L’oreille qui écoute, celle qui contemple et fait l’événement de l’écoute, est le texte lui-même, cette écriture de phrases brèves, sèches, factuelles et lyriques en même temps, écrites dans « les marges de la raison » puisque c’est là que le monde peut être perçu. Des phrases qui ne s’encombrent de rien, tendues vers les signes du monde, vers le fait qu’il y a un monde, qu’il y a des migrants persécutés par la police française, qu’il y a des populations qui, en Syrie, au Liban, subissent l’injustice et la mort, qu’il y a des loups qui dansent, des papillons, des oiseaux, des plantes…

 

Les phrases de Claude Favre énumèrent de tels faits, les compactent ou contractent pour faire exister la force de leur présence, pour que l’on en perçoive la beauté ou l’intolérable, que l’on devienne réellement sensibles à la mort qu’ils charrient aussi bien qu’à la vie qu’ils affirment encore et encore.

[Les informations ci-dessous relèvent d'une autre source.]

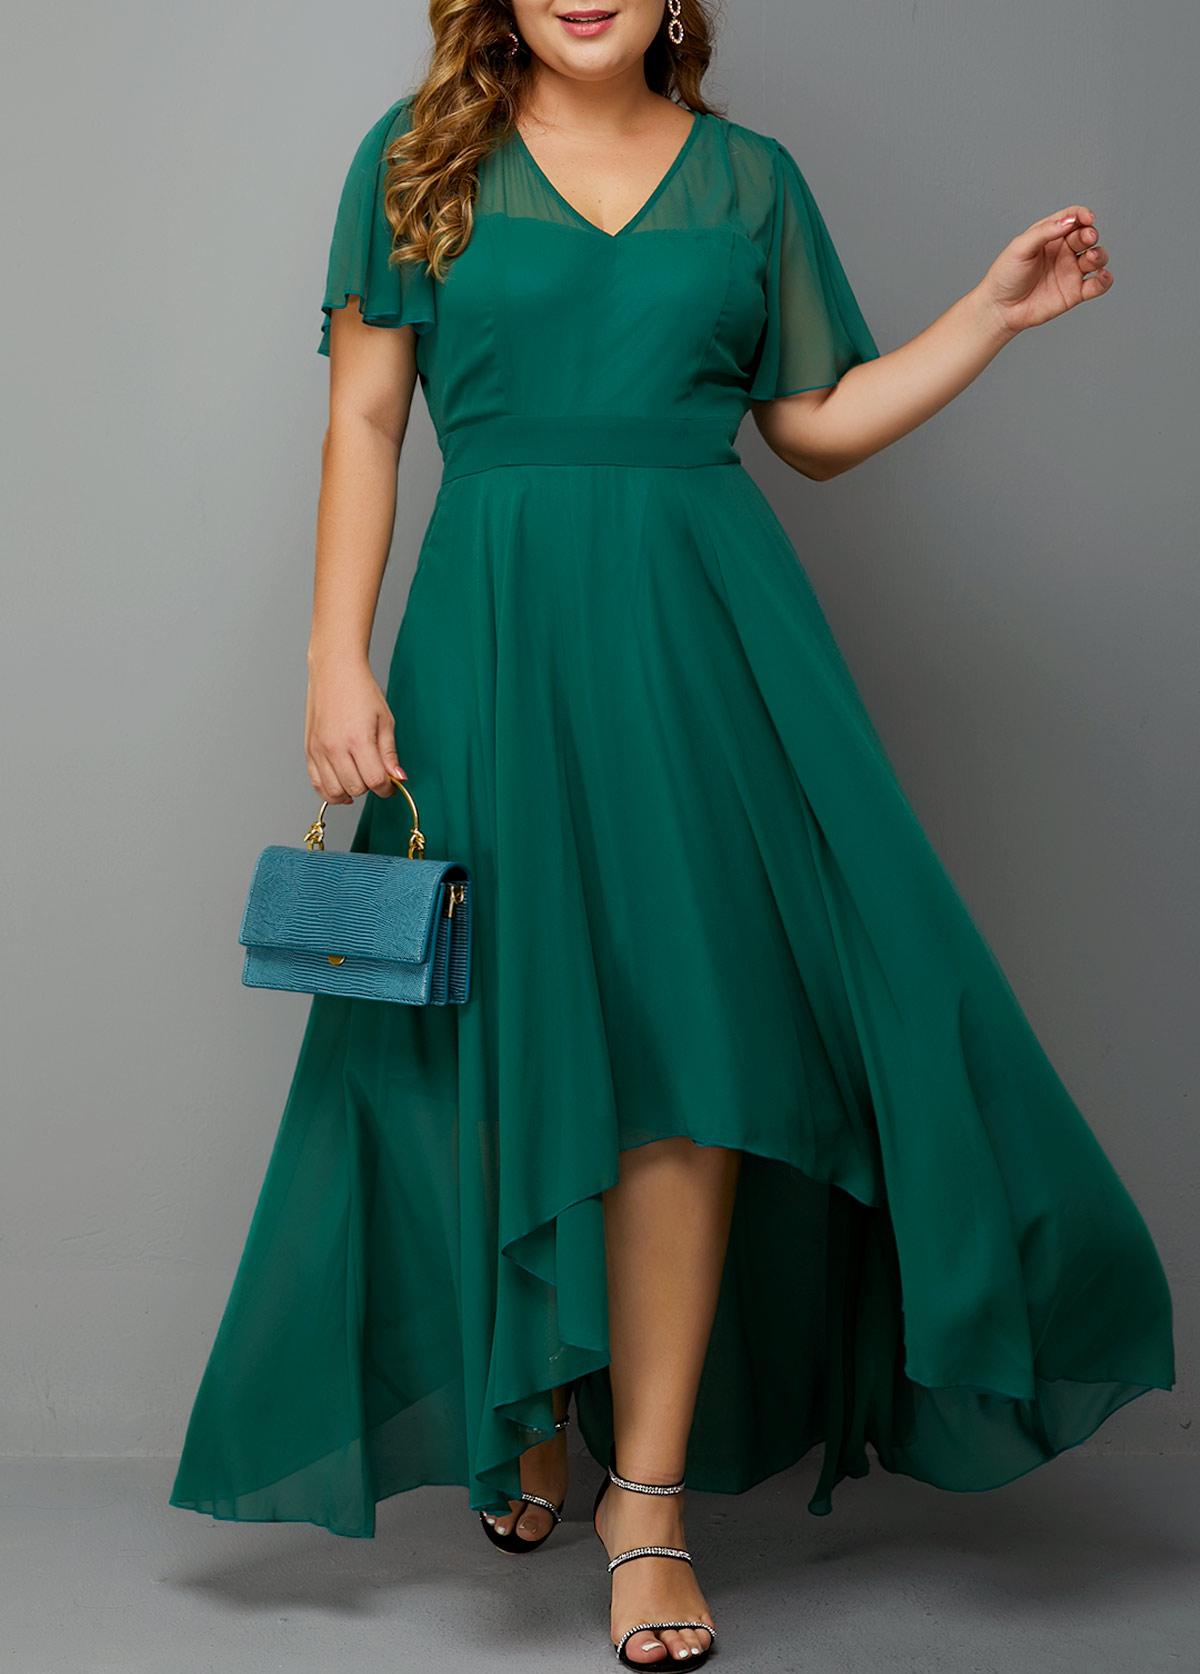 Plus Size Side Zipper High Waist Chiffon Dress

Des phrases comme des notes, des syntagmes brefs emplis tout entier du fait, de l’événement de ce qui est dans le monde, de ce qui est le monde : une mort, une vie, un oiseau, une pluie, du riz qui bout, une respiration, des « Echos du monde, échos des silences », la douleur d’un dauphin, quelque chose qui arrive comme, par exemple, une plus grande proximité avec les bêtes, un effacement de soi…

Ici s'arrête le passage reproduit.